Walkthrough: Processing a Real Hackathon Submission

Let's trace a submission through its lifecycle:

Stage 1: Input Processing

When a user submits an evaluation, with id say sub_001, it arrives with a text/ppt/pdf proposal, MP4 pitch video, and a GitHub repository:

Document Processing: The text is parsed, extracting the project description (average ~1000 words)
Video Transcription: Whisper transcribes the ~3-minute pitch, producing ~400 words
Repository Analysis:
- 125 Python files detected
- 8,500 lines of code counted
- Key config files found
- Test coverage identified

Stage 2: Database Storage

The processed data is stored:

{
    "sub_id": "sub_001",
    "project_details": "An AI-powered code review system...",
    "video_transcript": "Hello, today I'm presenting CodeMentor...",
    "repo_metadata": "languages: python: 8500 LOC, javascript: 2000 LOC...",
    "processing_time": 45.3
}

Stage 3: Multi-Agent Evaluation

The orchestrator agent receives the submission and delegates to specialists:

Innovativeness Agent analyzes:

Searches for novel patterns in the approach
Compares against known solutions
Internally assess on 10 different sub-dimensions (e.g. novelty, uniqueness, originality, mention of patented works, papers, novel algorithm etc.) to arrive at 10 scores out of 100 each [78, 85, 87, 76, 91, 45, 43, 66, 34, 59]
Returns: Score 66.4/100 with rationale on why the submission is scored that way in the innovativeness dimension

Scalability Agent similarly examines on 10 different sub-dimensions:

Microservices architecture detected
Kubernetes configurations present
Configurability, reusability, cloud deployment flexibility etc.
Internally assess on 10 different sub-dimensions (e.g. modularity, horizontal, vertical scalability, configurations, standards, cloud practices etc.) to arrive at 10 scores out of 100 each for example [84, 75, 71, 86, 81, 65, 63, 61, 64, 89]
Returns: Score 73.9/10 with detailed analysis

This goes on for all the 7 different agents.

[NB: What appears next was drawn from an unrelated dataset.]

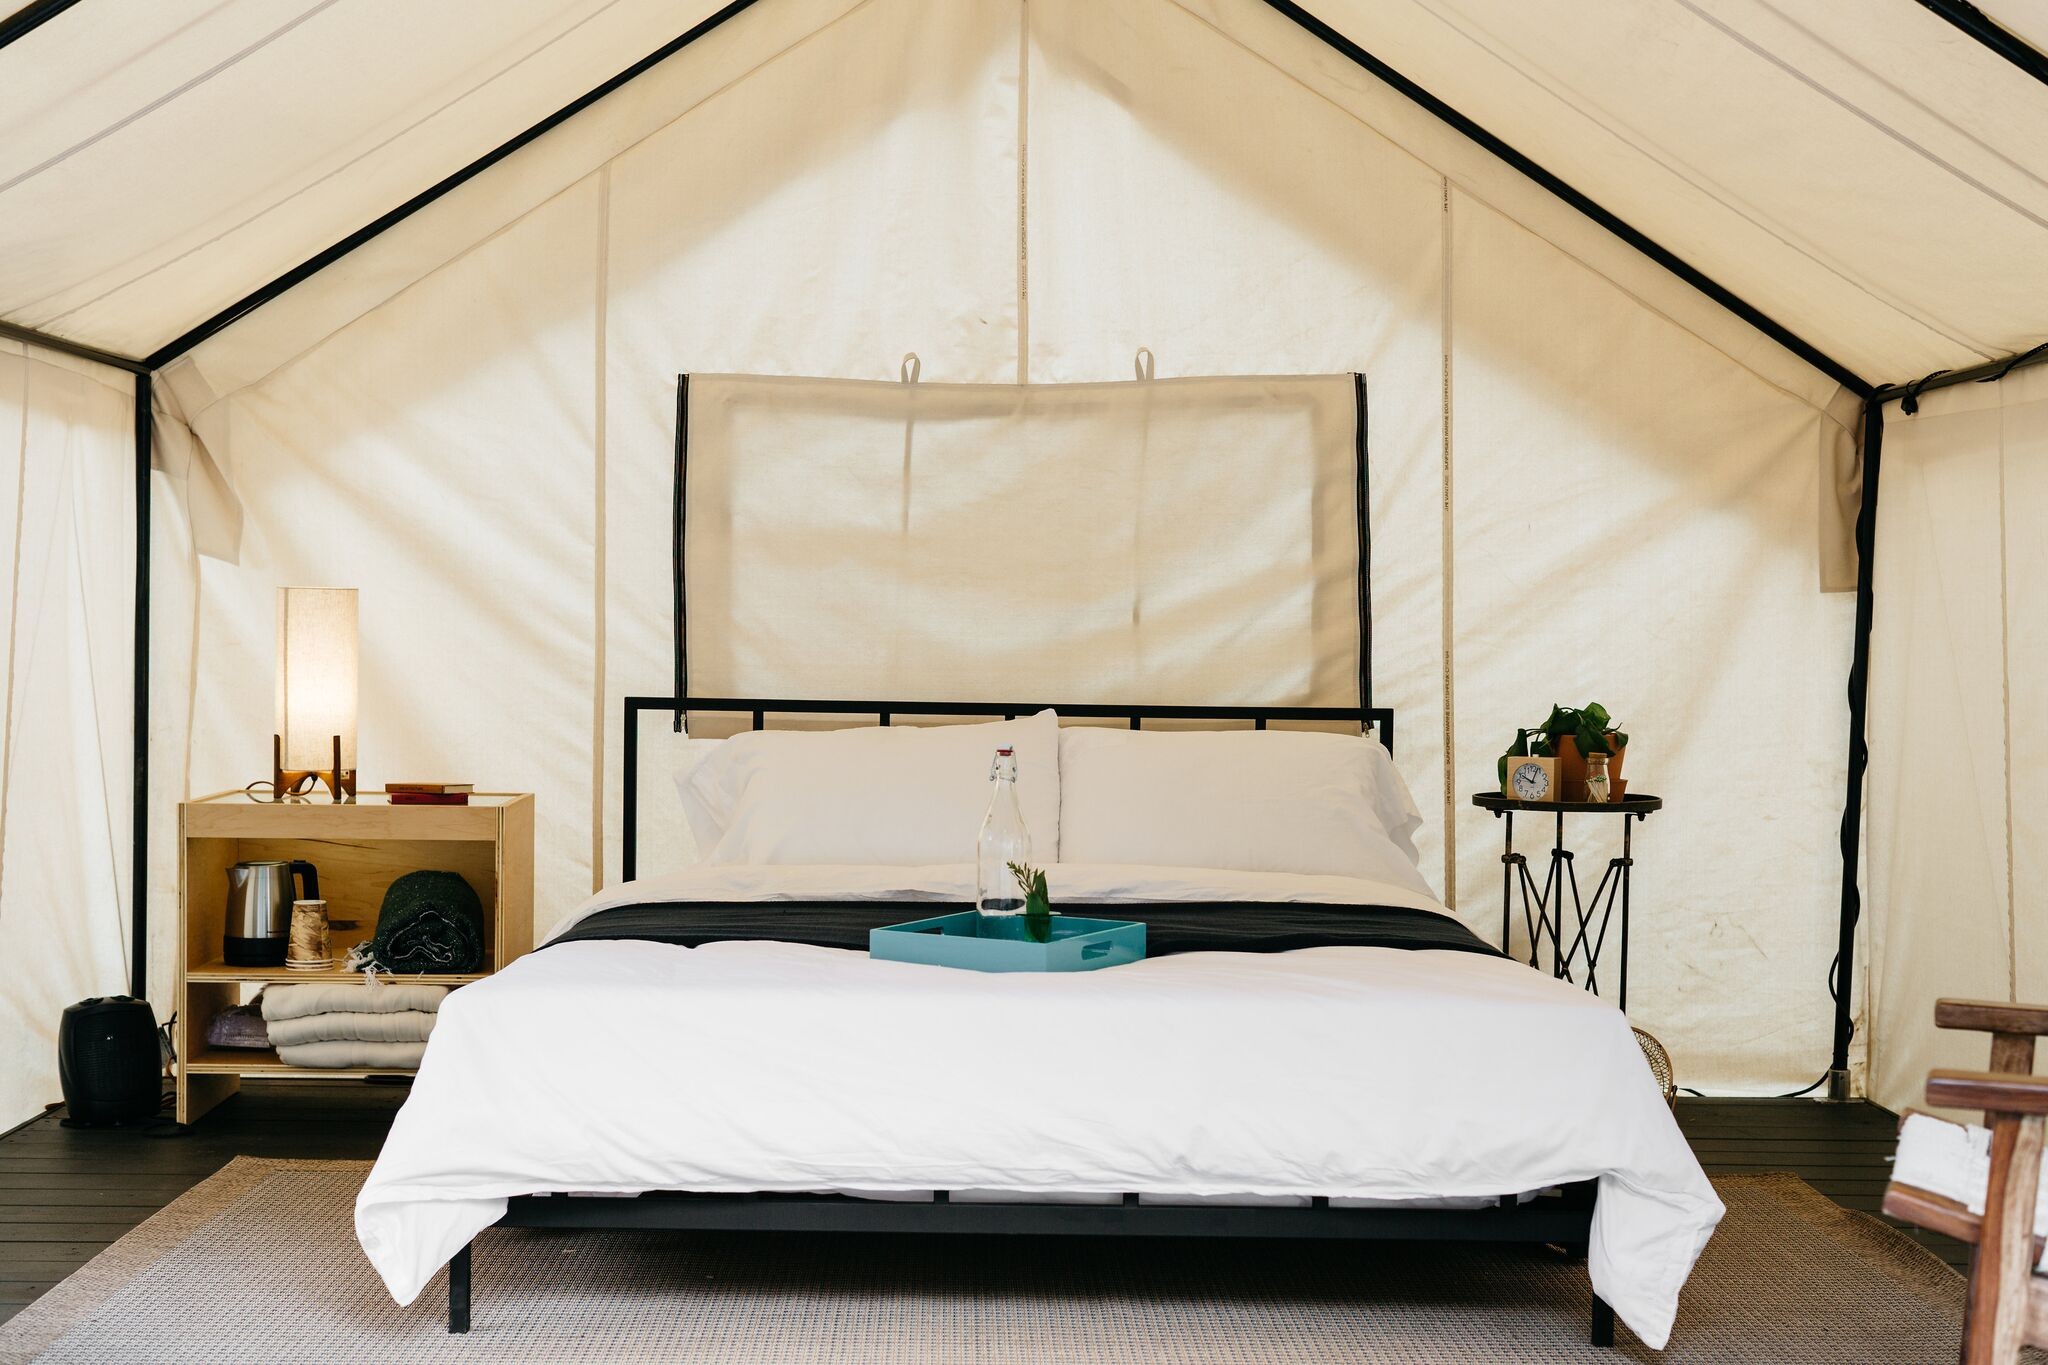 Inside of luxury canvas tent. Photo Melanie Riccardi

Each agent thus processes independently, then the results are aggregated:

{
    "innovation_score": 66.4,
    "ux_score": 74.5,
    "scalability_score": 73.9,
    "market_potential_score": 81.5,
    "ease_of_implementation_score": 71.0,
    "financial_feasibility_score": 68.0,
    "complexity_score": 58.5,
    "brief_description": "Innovative AI-powered code review system with strong scalability..."
}

These individual scores across dimensions could further be used to arrive at stack ranking of all the submissions.

Stage 4: Results Dashboard

A Streamlit dashboard that visualizes:

Score distributions across all submissions
Radar charts comparing multiple projects
Processing performance metrics
Detailed submission explorer

# Performance metrics

| Metric                   |       Value       |
|--------------------------|-------------------|
| Submissions Count        | 30,601            |
| Total Cost               | $6,340            |
| Total Tokens             | 1,571,228,651     |
| Total Calls to LLM       | 466,041           |
| Avg Evaluation Time (s)  | 180               |

Comparative analysis in terms of human effort:

Total evaluations processed

Number of evaluations: 30k+ (let’s assume 30,000 for calculation).
Assuming human time per evaluation: 30 minutes = 0.5 hours.
Total hours = 30,000 × 0.5 = 15,000 hours.

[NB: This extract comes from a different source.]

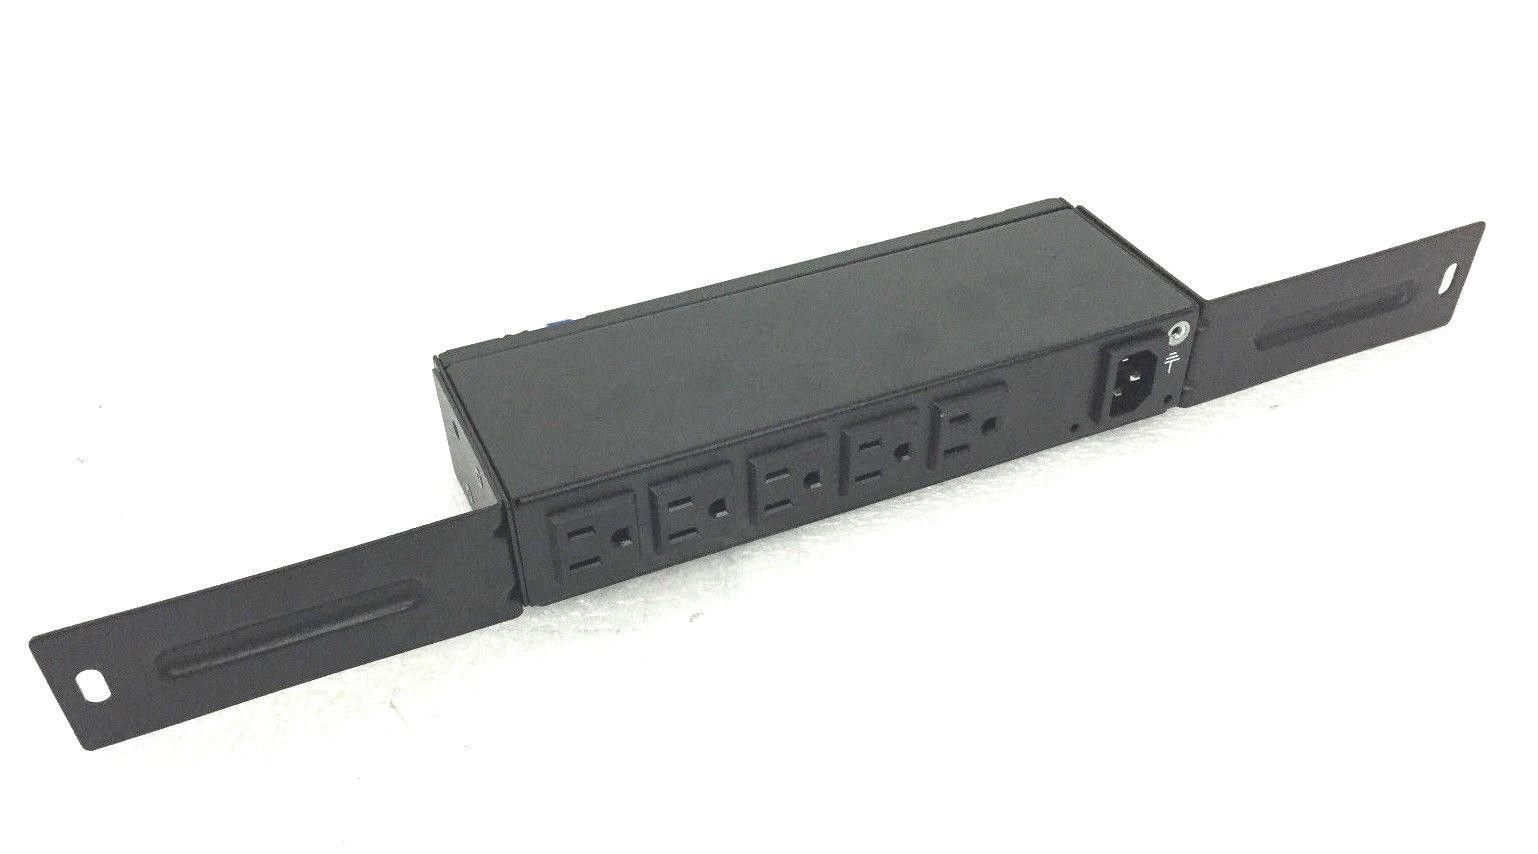 Dell 5-Port Power Distribution Unit For Dell Rack Rackmoutable (G761N)

Full-Time Equivalent (FTE) effort (Assuming 7 hours of daily effort and 220 workdays in a year)

Required FTEs = 15,000 / 1,540 = ~9 FTE

Challenges and Limitations

Known Trade-offs

Video Processing Constraints: Large video files (>500MB) may timeout during transcription
Repository Size Limits: Repositories over 100MB or 20,000 files are truncated
Language Support: Currently optimized for English-language submissions

Conclusion: The Future of Code Evaluation

The multi-agent evaluation system represents more than just a tool – it's a glimpse into the future of technical assessment. By combining multi-modal analysis, distributed processing, and intelligent AI orchestration, it demonstrates that we can evaluate code not just for correctness, but for creativity, potential, and real-world viability.

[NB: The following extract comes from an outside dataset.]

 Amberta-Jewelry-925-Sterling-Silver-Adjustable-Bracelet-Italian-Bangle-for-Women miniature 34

The system's architecture offers valuable lessons for anyone building evaluation systems:

Separate concerns between processing, storage, and evaluation
Embrace asynchronous patterns for scalability
Design for explainability from the start
Build in flexibility for different evaluation criteria
Best Practices and strategies that make the system work:
- Keep one agent per rubric dimension for explainability.
- Provide each agent with clear prompts and role definitions.
- Explainability is a must-have feature.
- Aggregate outputs via an orchestrator (ProcessEvaluation) that enforces consistency.
- Persist results in a database (SQLite for dev, Postgres for production) for better observability.
- Capture not just scores but also token usage + cost and processing time per submission.
- Composable by design: Massive parallelization using Celery workers with Redis as a message broker.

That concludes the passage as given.